Vincent-ZHQ / MRDF

Code for Cross-Modality and Within-Modality Regularization for Audio-Visual DeepFake Detection
Apache License 2.0
20 stars 2 forks source link

The performance of the model on the entire dataset #5

Open Liang-bk opened 7 months ago

Liang-bk commented 7 months ago

Hello, I notice that only 10% of the whole dataset is used in the code, does it mean that acc is also based on this part of the data? And I want to test the model on the whole dataset, but there are some problems happened while loading the ckpt model: Missing key(s) in state_dict: "video classifier.0.weight", "audio classifier.0.weight". Was that model structure conflicts in the code and ckpt model?

Vincent-ZHQ commented 7 months ago

Yes. We only use part of the original dataset. FakeAVCelebl is very imbalanced. So we randomly sample some samples and propose a five-fold cross-validation strategy for evaluation. For inference, you should ensure the checkpoint you use is consistent with the model you test.
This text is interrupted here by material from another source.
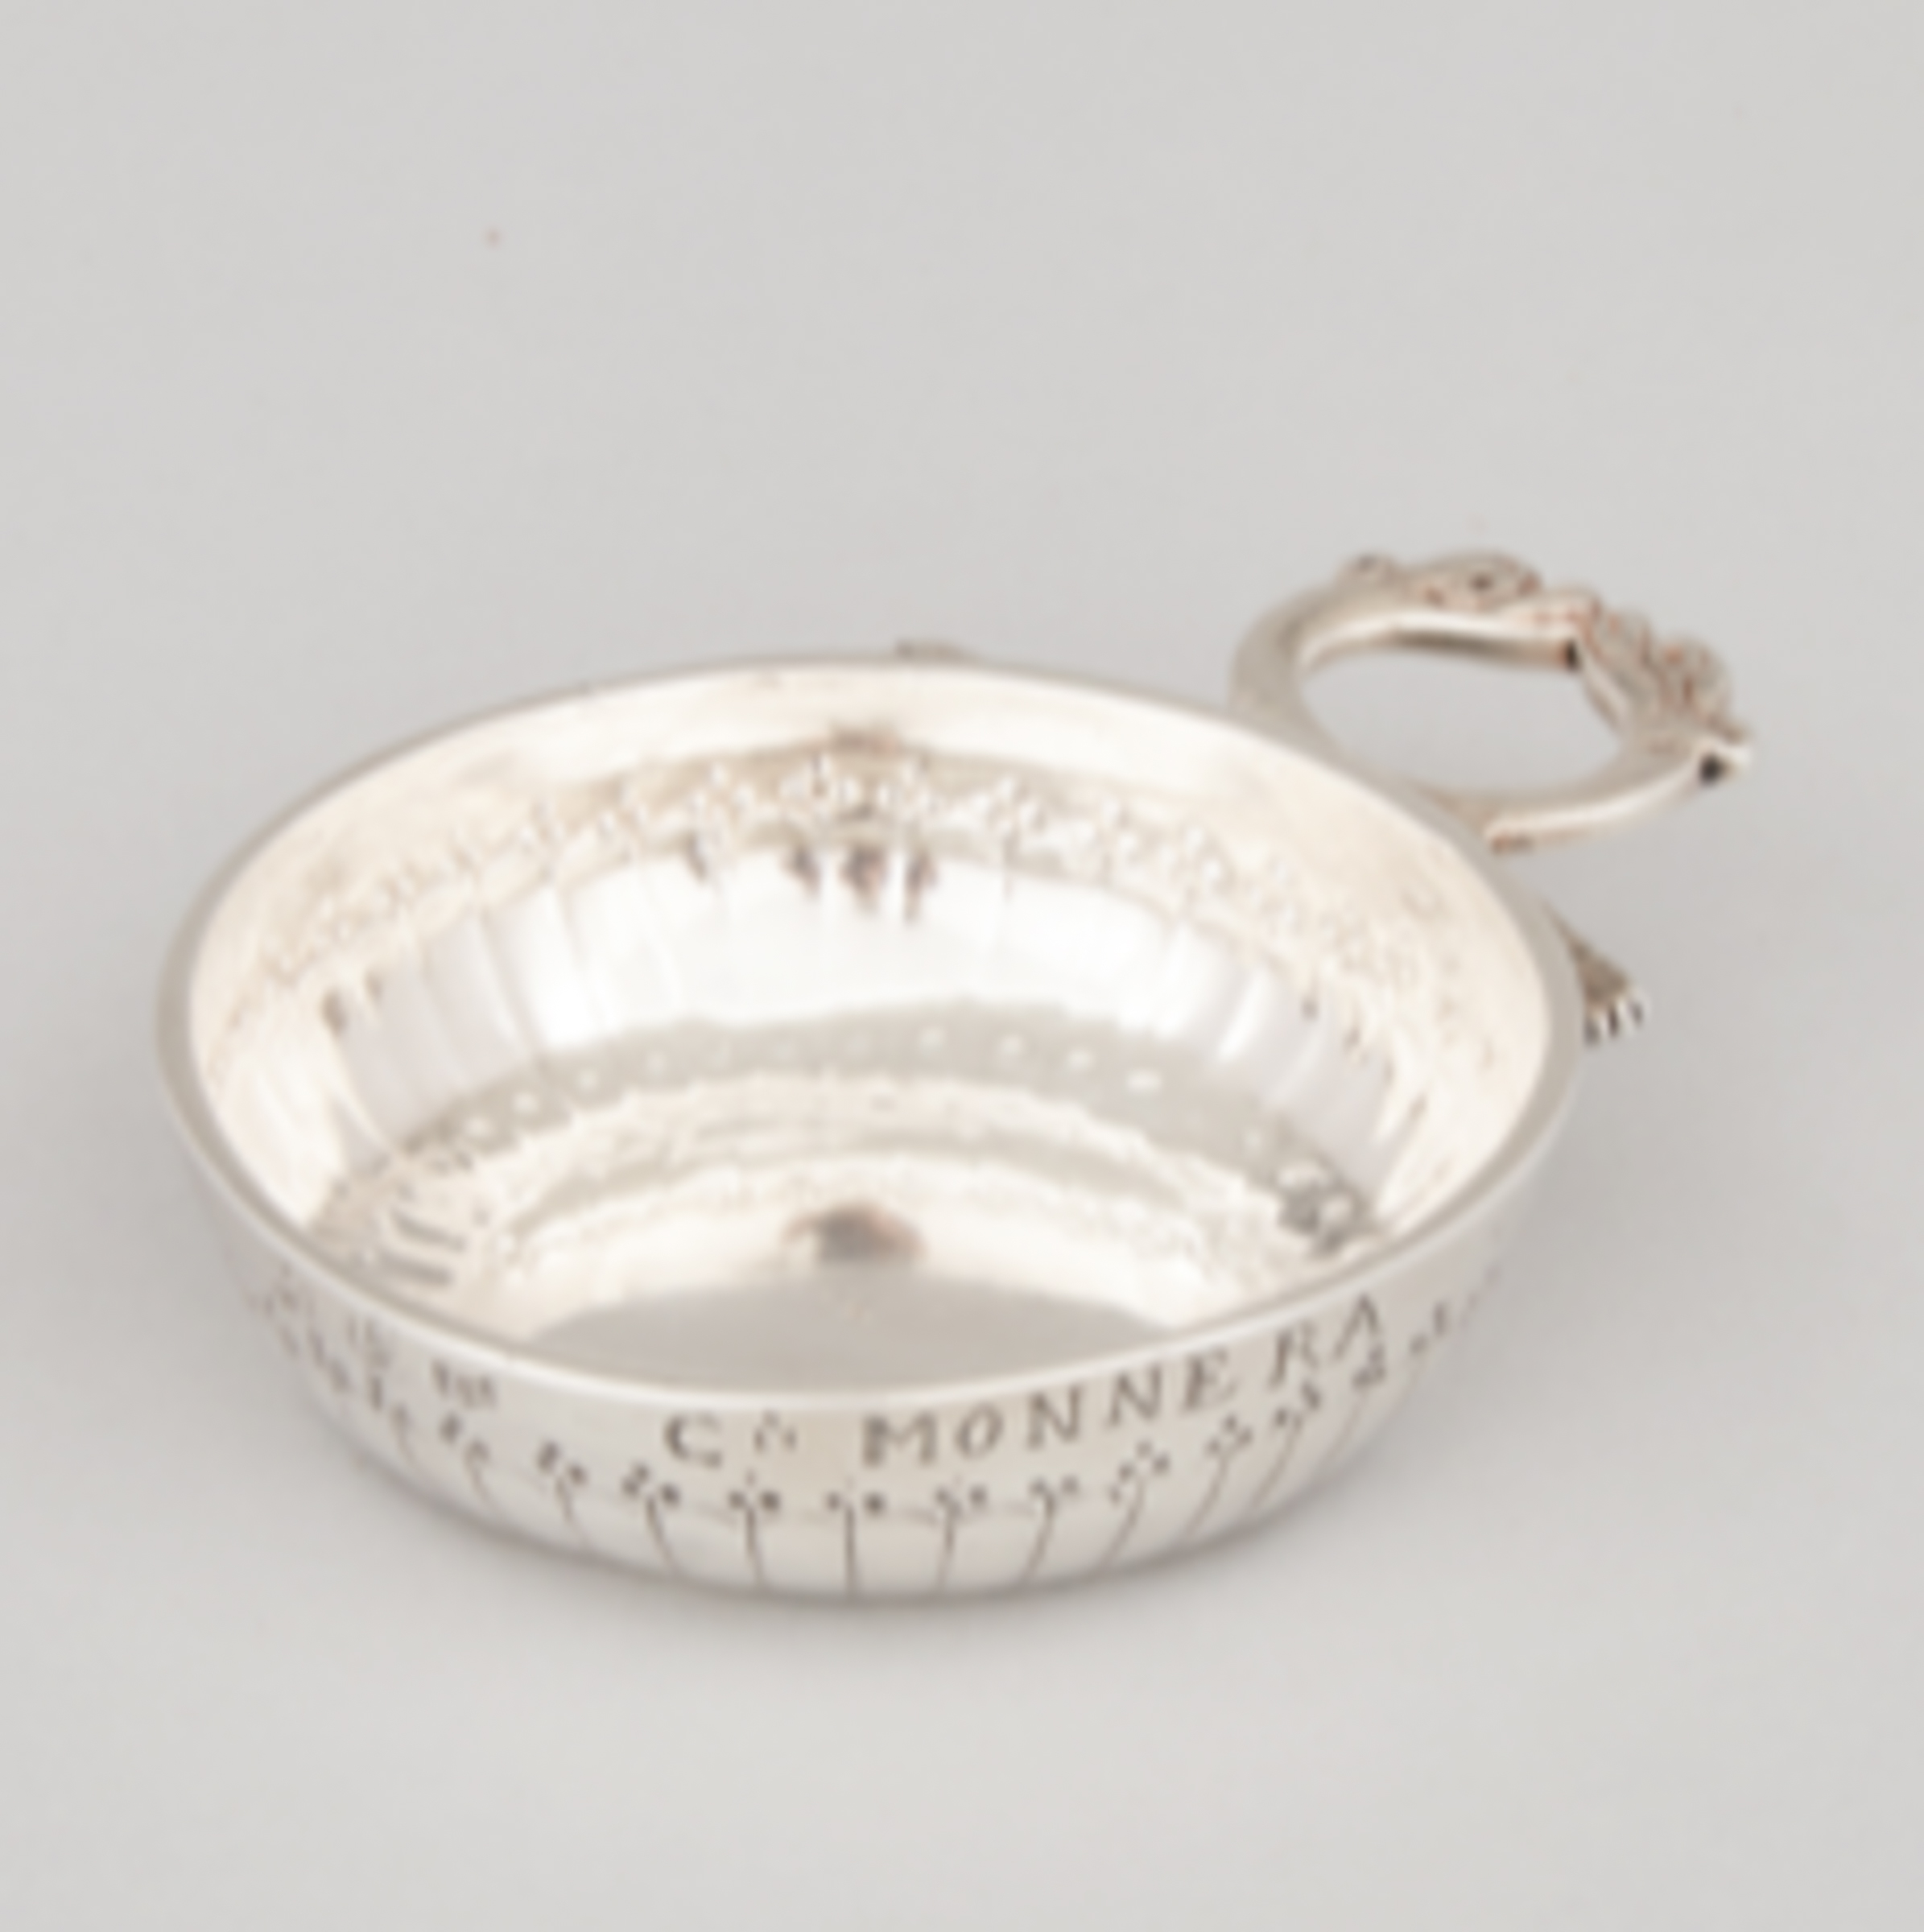 French Provincial Silver Wine Taster, probably Caen, second half of the 18th century

Liang-bk commented 7 months ago

Thanks for answer, and the point I had missed in last question is that I download the ckpt model from the google drive in the readme.md, but I can't adapt it on the network in this code :(

Vincent-ZHQ commented 7 months ago

The provided chpts correspond to CE-based and Margin-based methods, respectively. The margin-based method has no audio and video classifier. I don't know about the details of your reported errors. I remember I made sure that the code could run before I uploaded.

Liang-bk commented 7 months ago

Thank you very much! I will try again.